### [Exercise brief]
The response should consist of every line below, restated exactly, with no pictures.

### [Information provided]
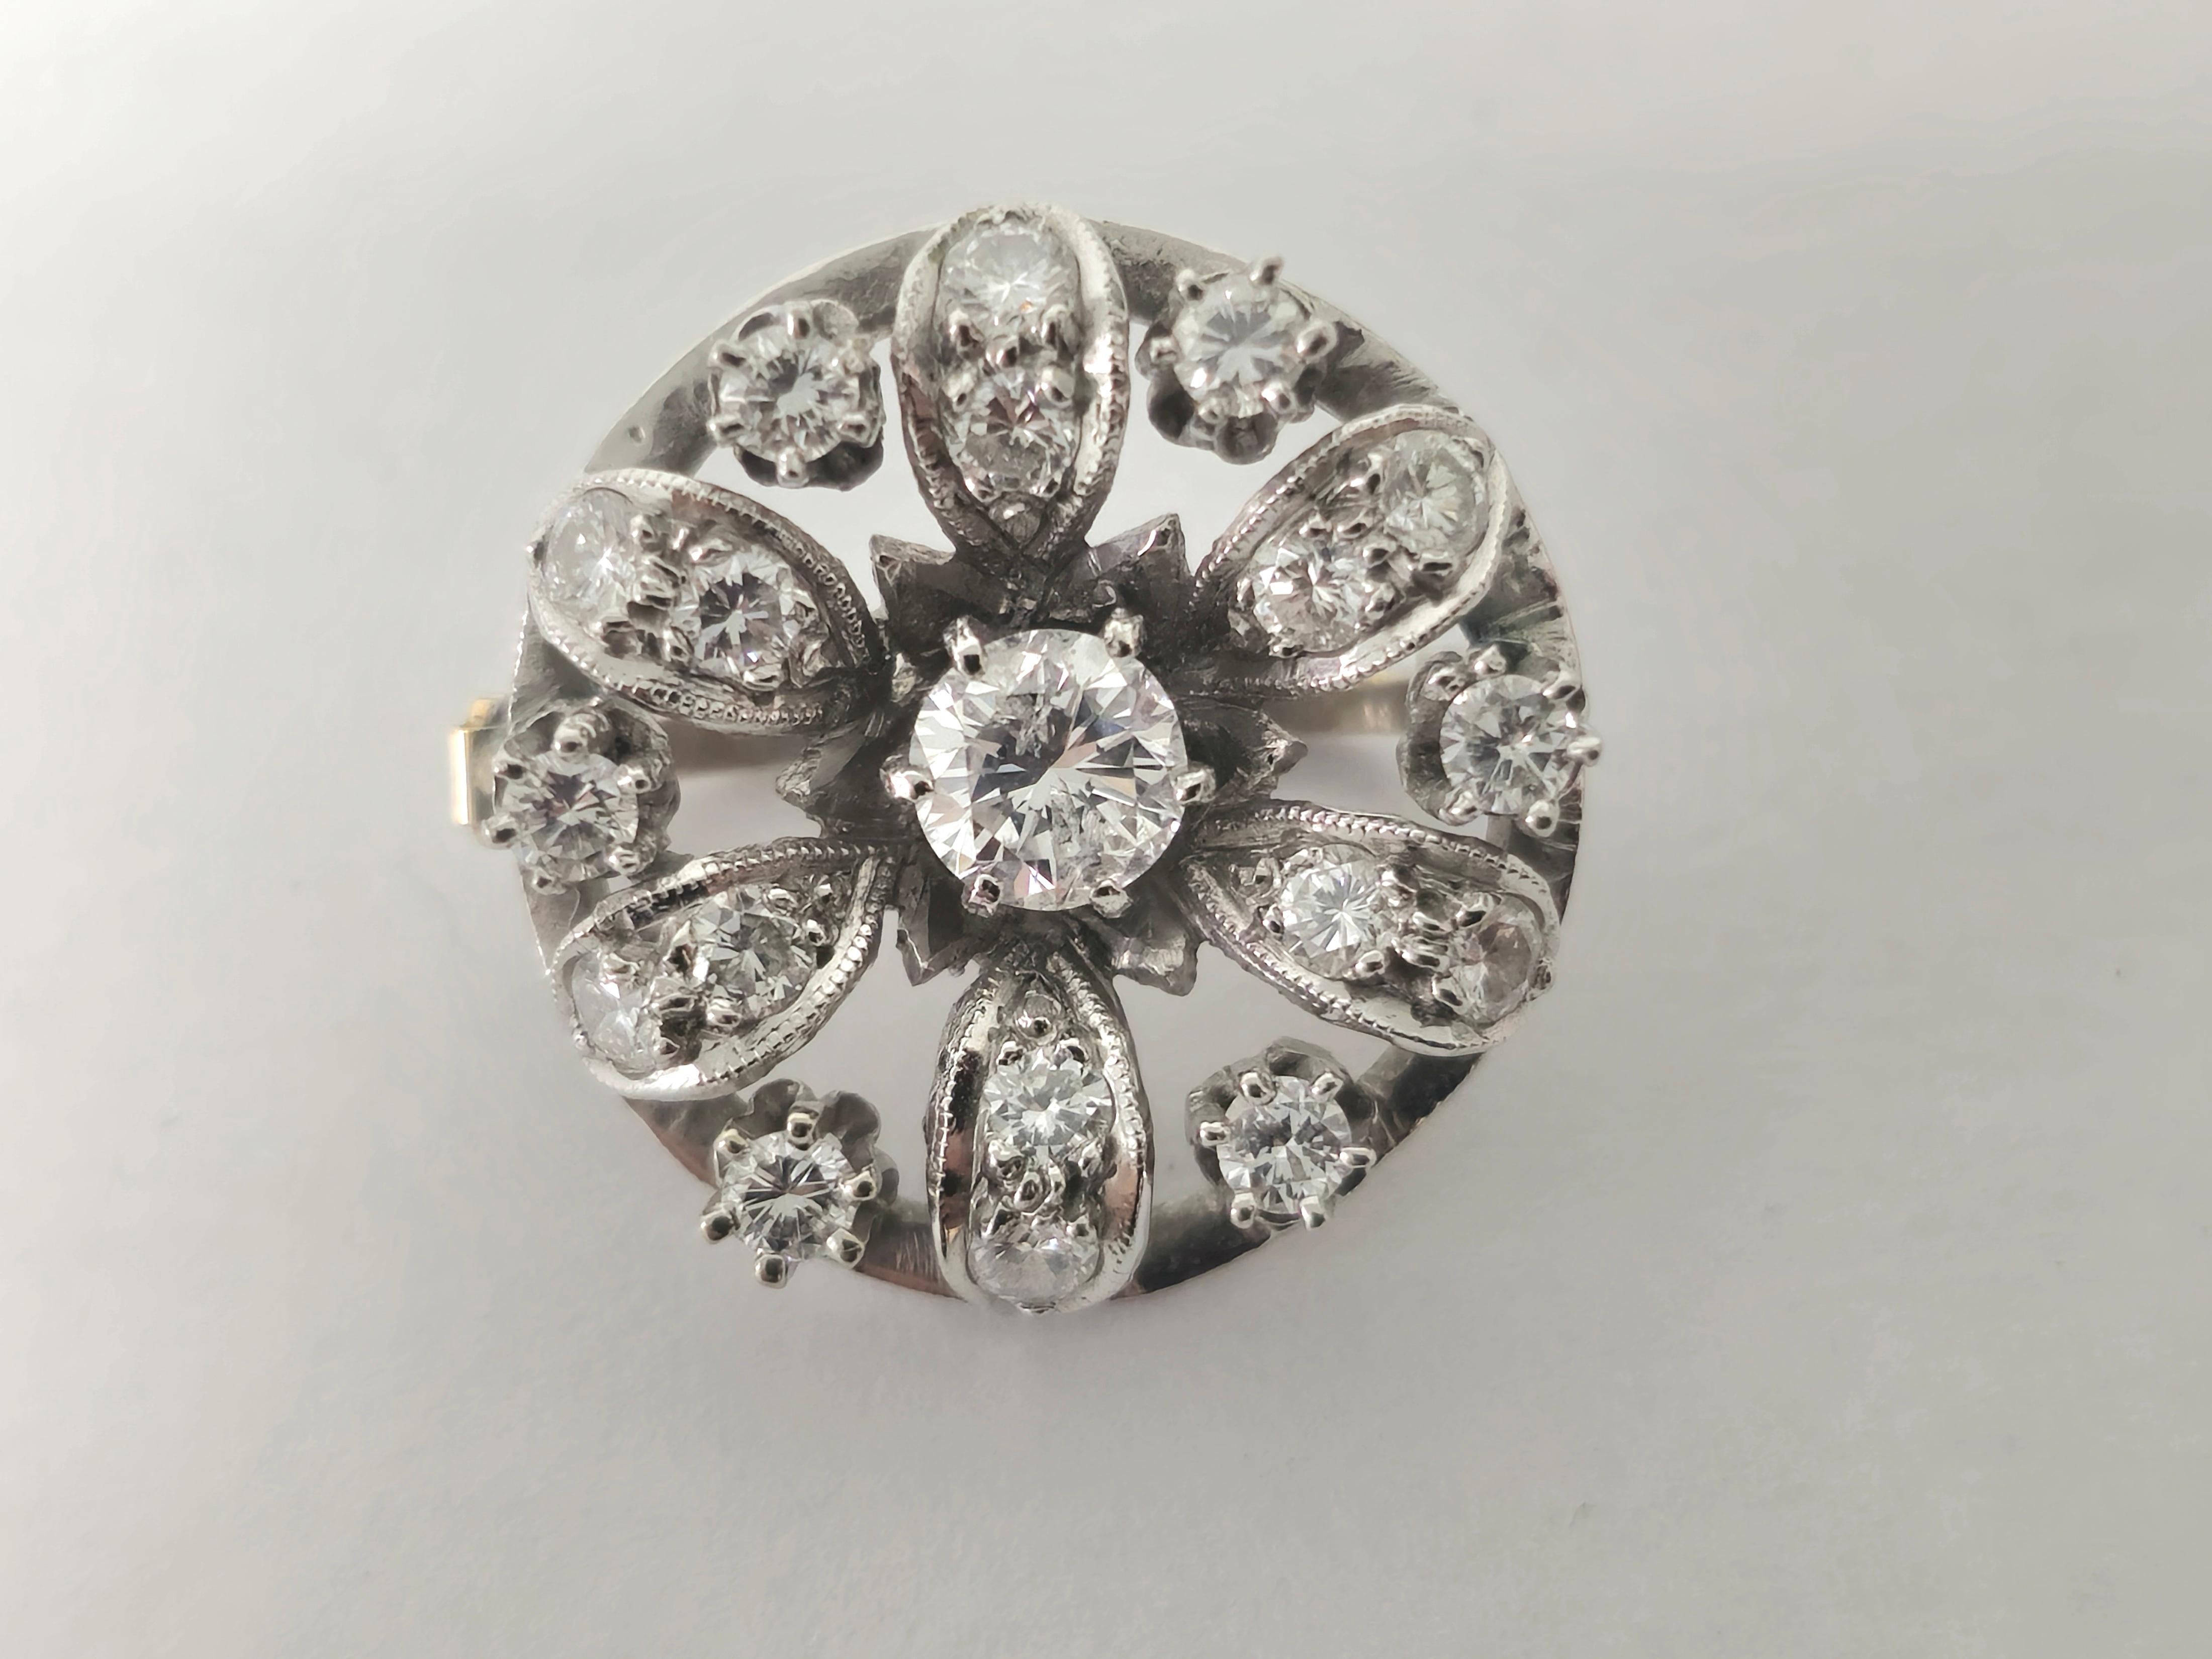 Cette épingle vintage en platine respire l'élégance et la sophistication intemporelles. Ornée d'un captivant diamant central pesant 0,50 carat et entourée de 1,25 carat de diamants éblouissants sur les côtés, cette pièce met en valeur le
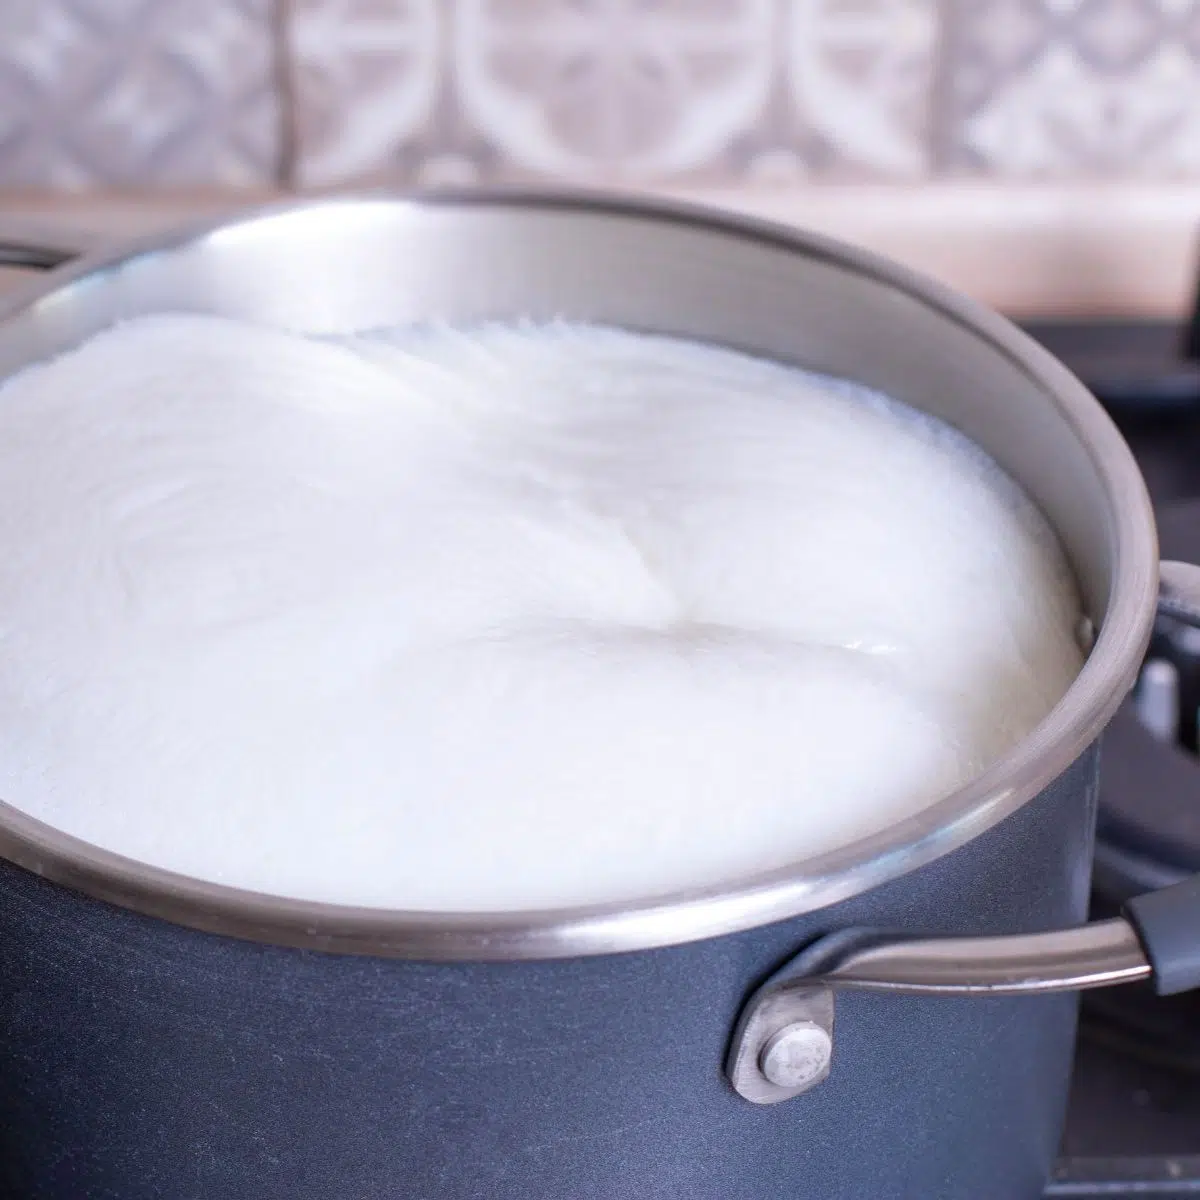 كيفية تحرق الحليب بسرعة للبطاطس المهروسة بالحليب في قدر.
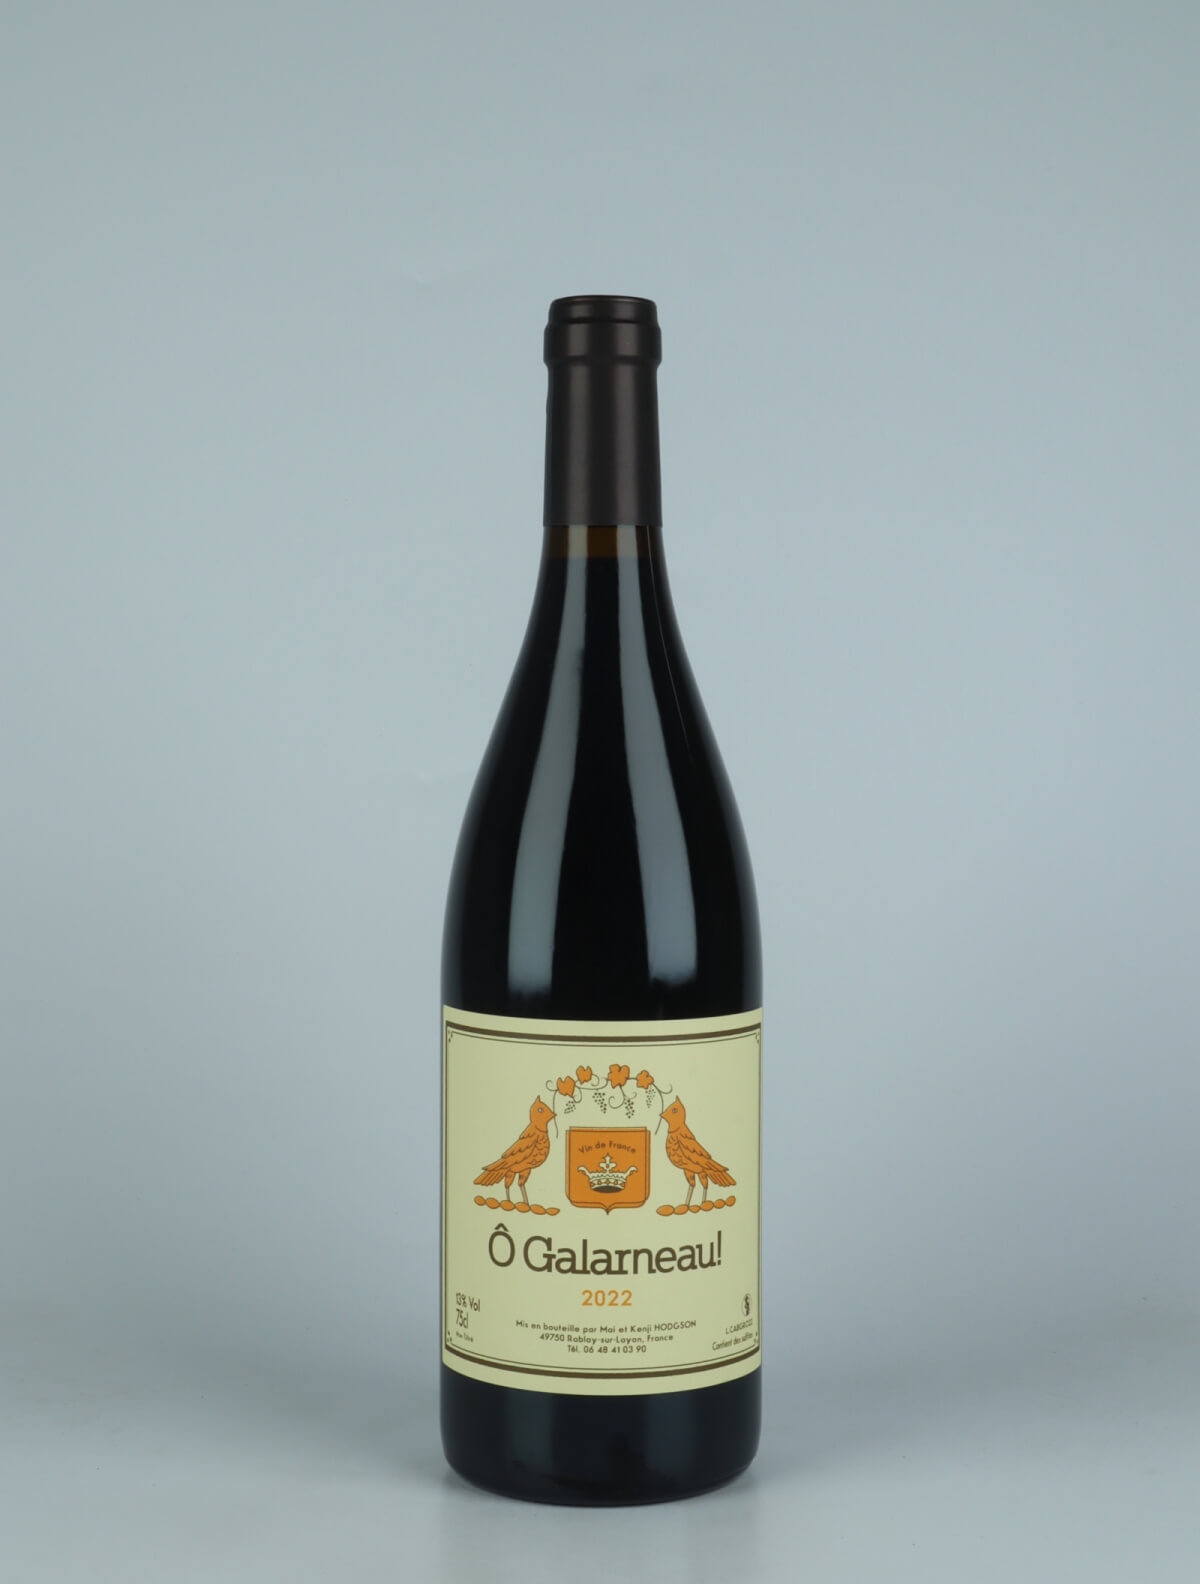 A bottle 2022 Ô Galarneau! Red wine from Mai et Kenji Hodgson, Loire in France

### [Exercise result]
 Cette épingle vintage en platine respire l'élégance et la sophistication intemporelles. Ornée d'un captivant diamant central pesant 0,50 carat et entourée de 1,25 carat de diamants éblouissants sur les côtés, cette pièce met en valeur le
 كيفية تحرق الحليب بسرعة للبطاطس المهروسة بالحليب في قدر.
 A bottle 2022 Ô Galarneau! Red wine from Mai et Kenji Hodgson, Loire in France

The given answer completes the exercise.